First, just as a date-palm produces many dates and a cedar tree produces many branches and leaves, a righteous person will have many children. This layer of meaning may not always prove itself to be true. Either because of infertility or by choice, some wonderful and giving people might not have children, or might only have one or two.
Second, just as both a date-palm and a cedar tree grow straight and tall, so too a righteous person stands tall and walks a straight path. By definition a righteous person follows a straight path as long as we define this to mean that such a person lives according to their principles. Great practitioners of civil disobedience like Gandhi, Martin Luther King, Jr., and Rosa Parks lived precisely according to their sense of justice, even when it meant disobeying the law.

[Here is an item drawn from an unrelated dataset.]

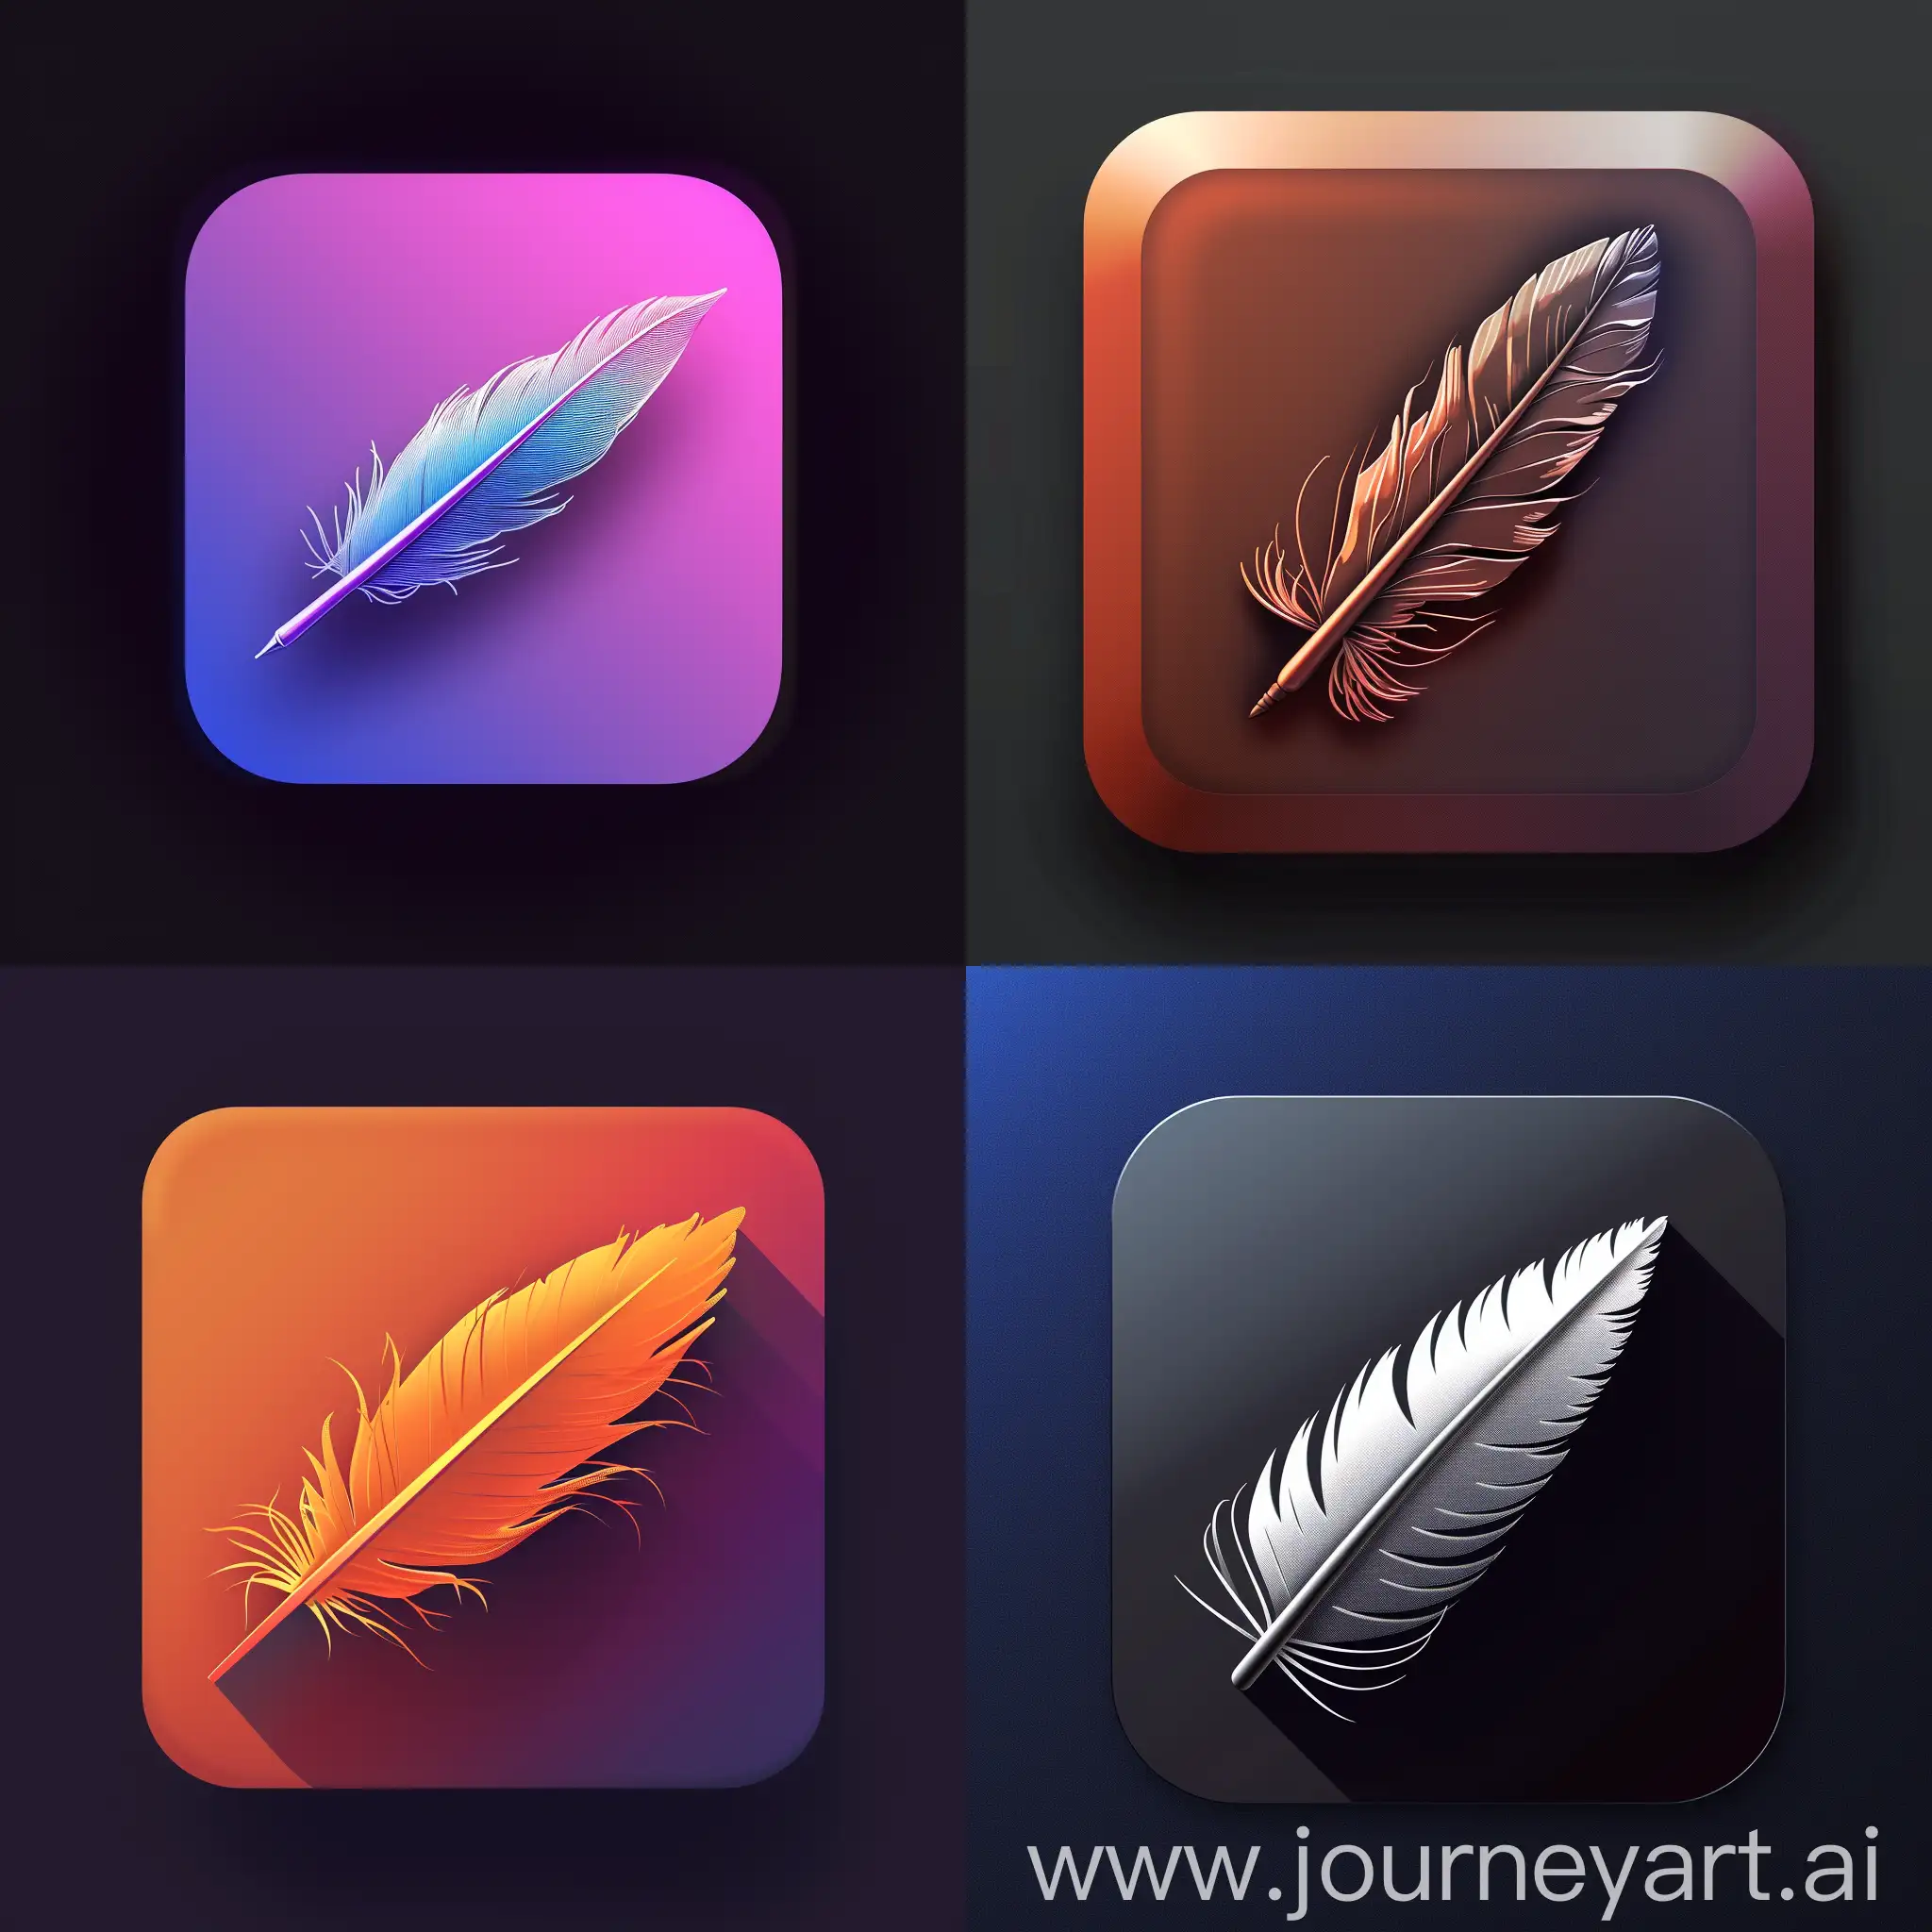 A square app icon with round edges, a quill, minimal background.
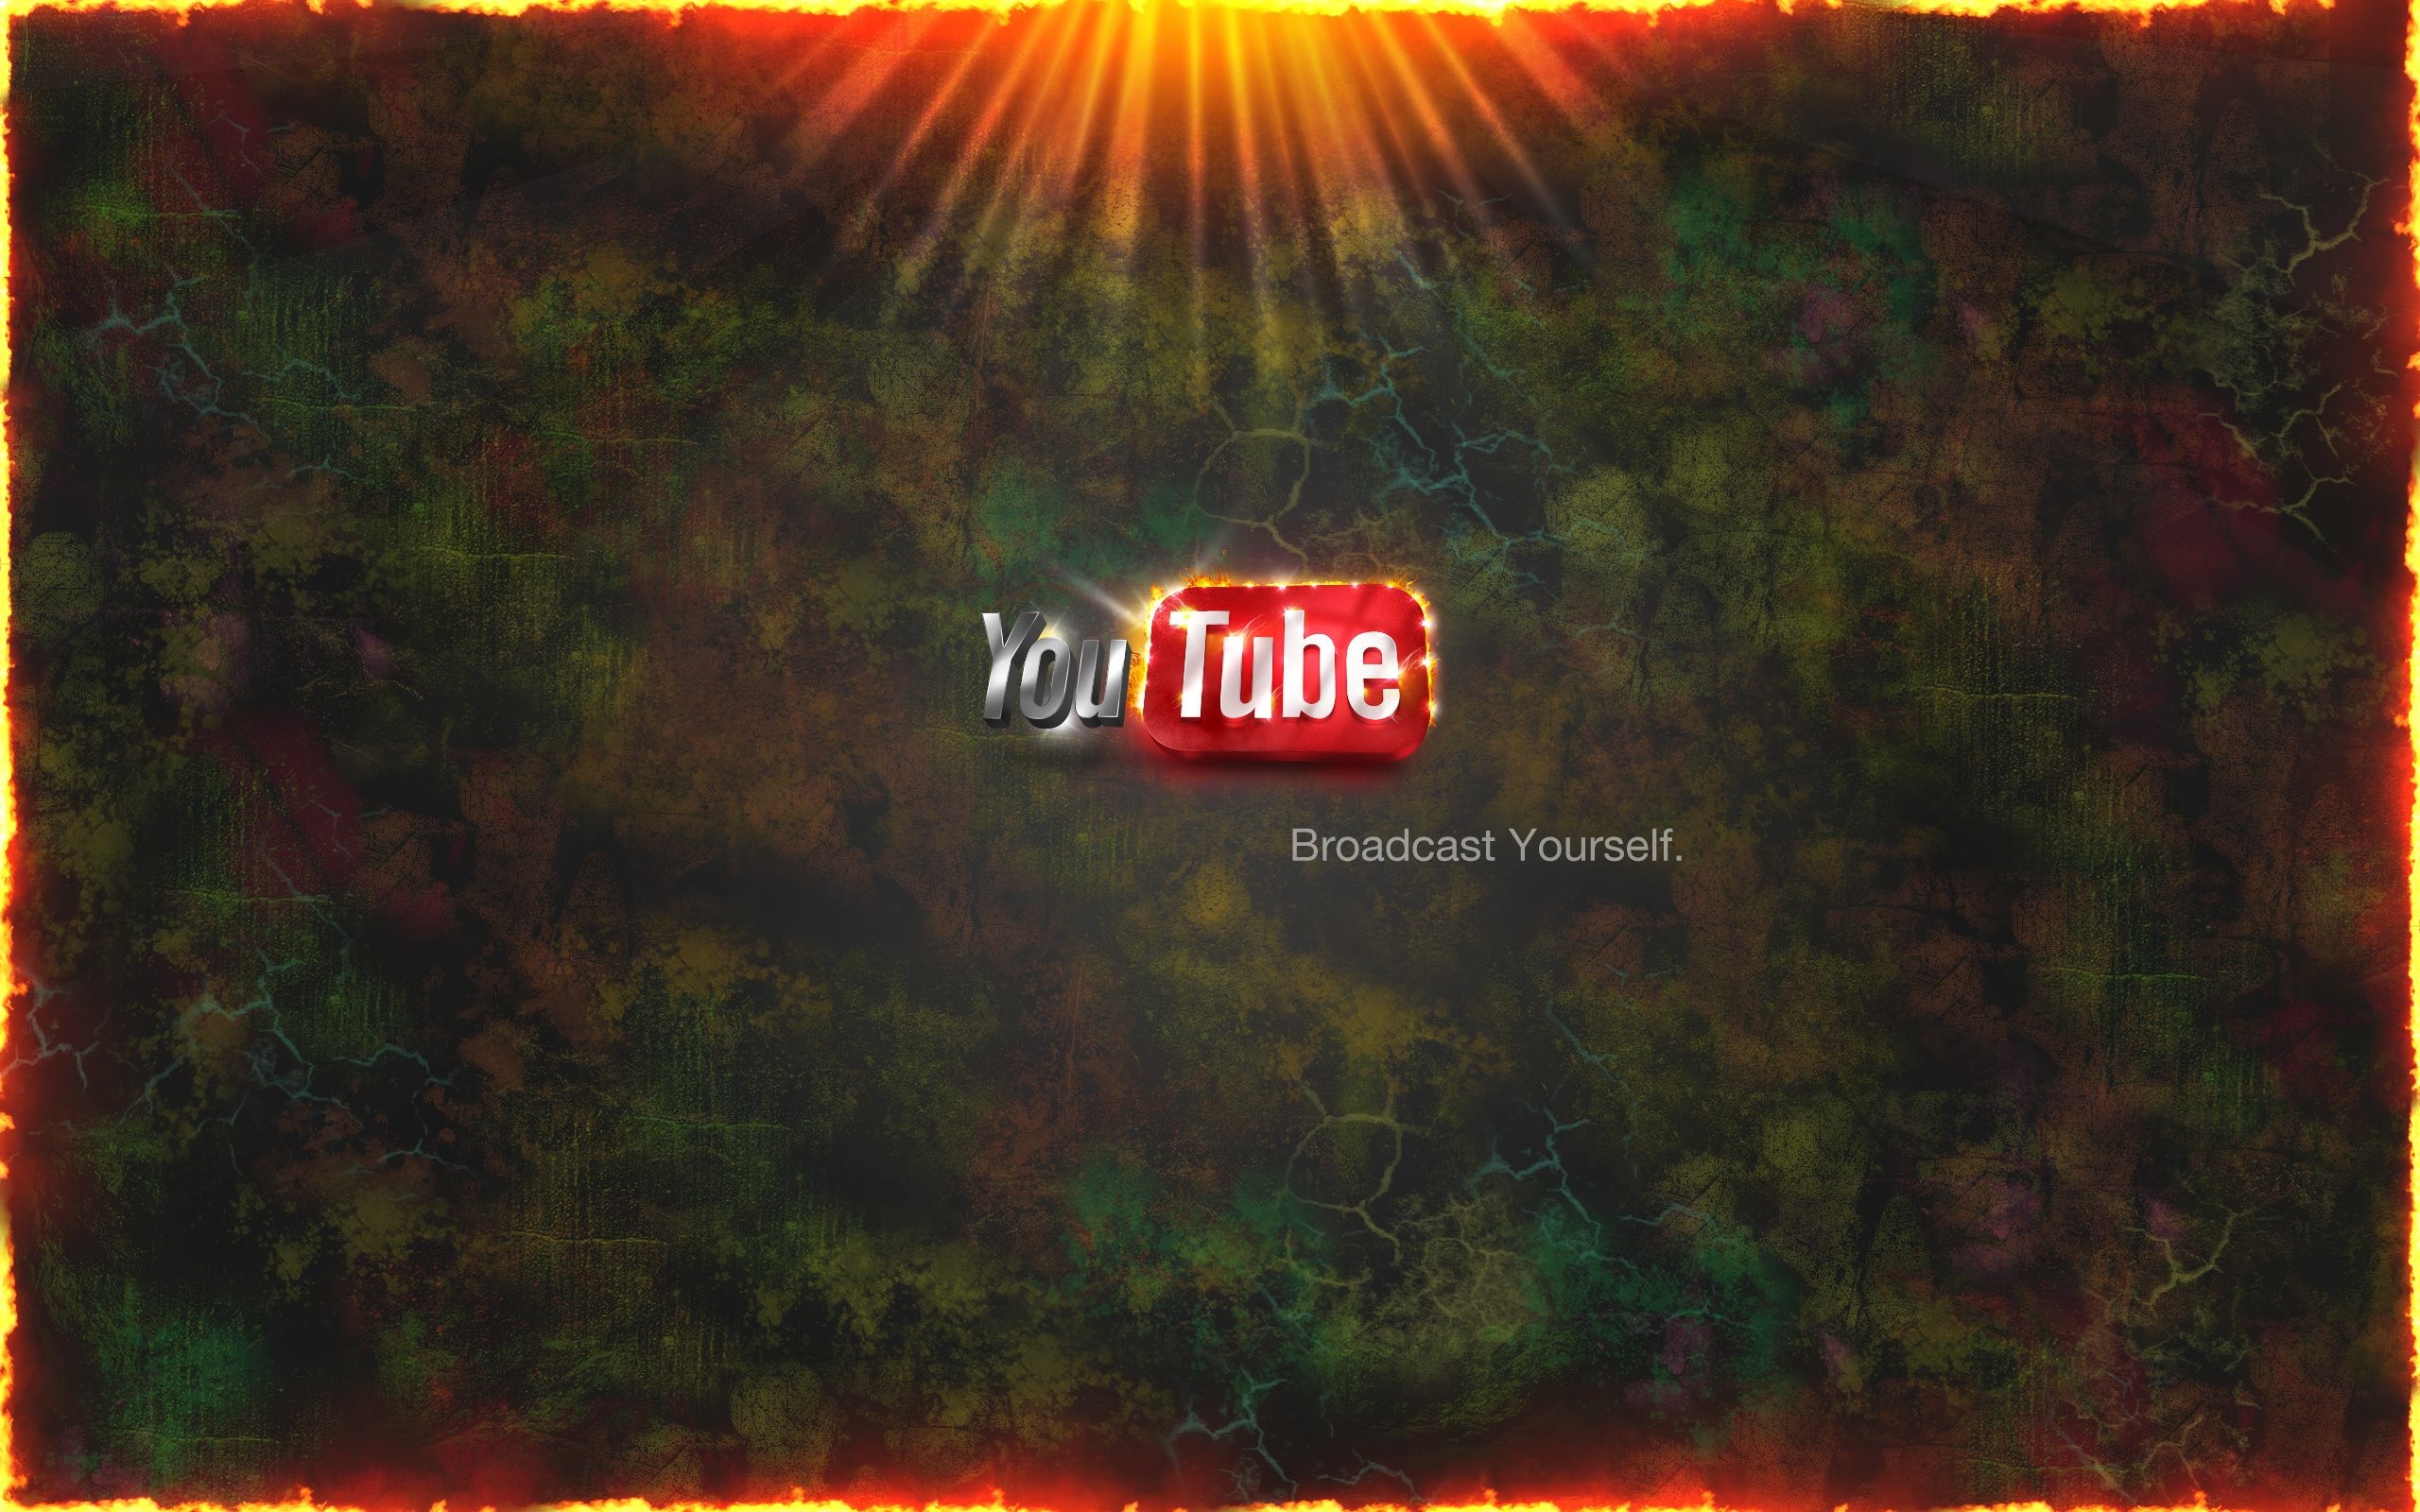 Youtube Backgrounds Photos Images Download 2560x1600

Humility is also a significant value, so one can proudly stand up for one’s convictions while also avoiding the sin of arrogance.
Third, the fruit, branches, and leaves on the trees can also be understood as the good deeds of the righteous person. Just as the trees sweeten the world with the smell and taste of their products, so too do the actions of a good person make the world a sweeter place.
Psalm 92, with its focus on the victory of joy, faithfulness, and righteousness, is also known as the Psalm for Shabbat. The actions of righteous people bring the world closer to “a day which is all Shabbat,” one of the Jewish expressions for the messianic era.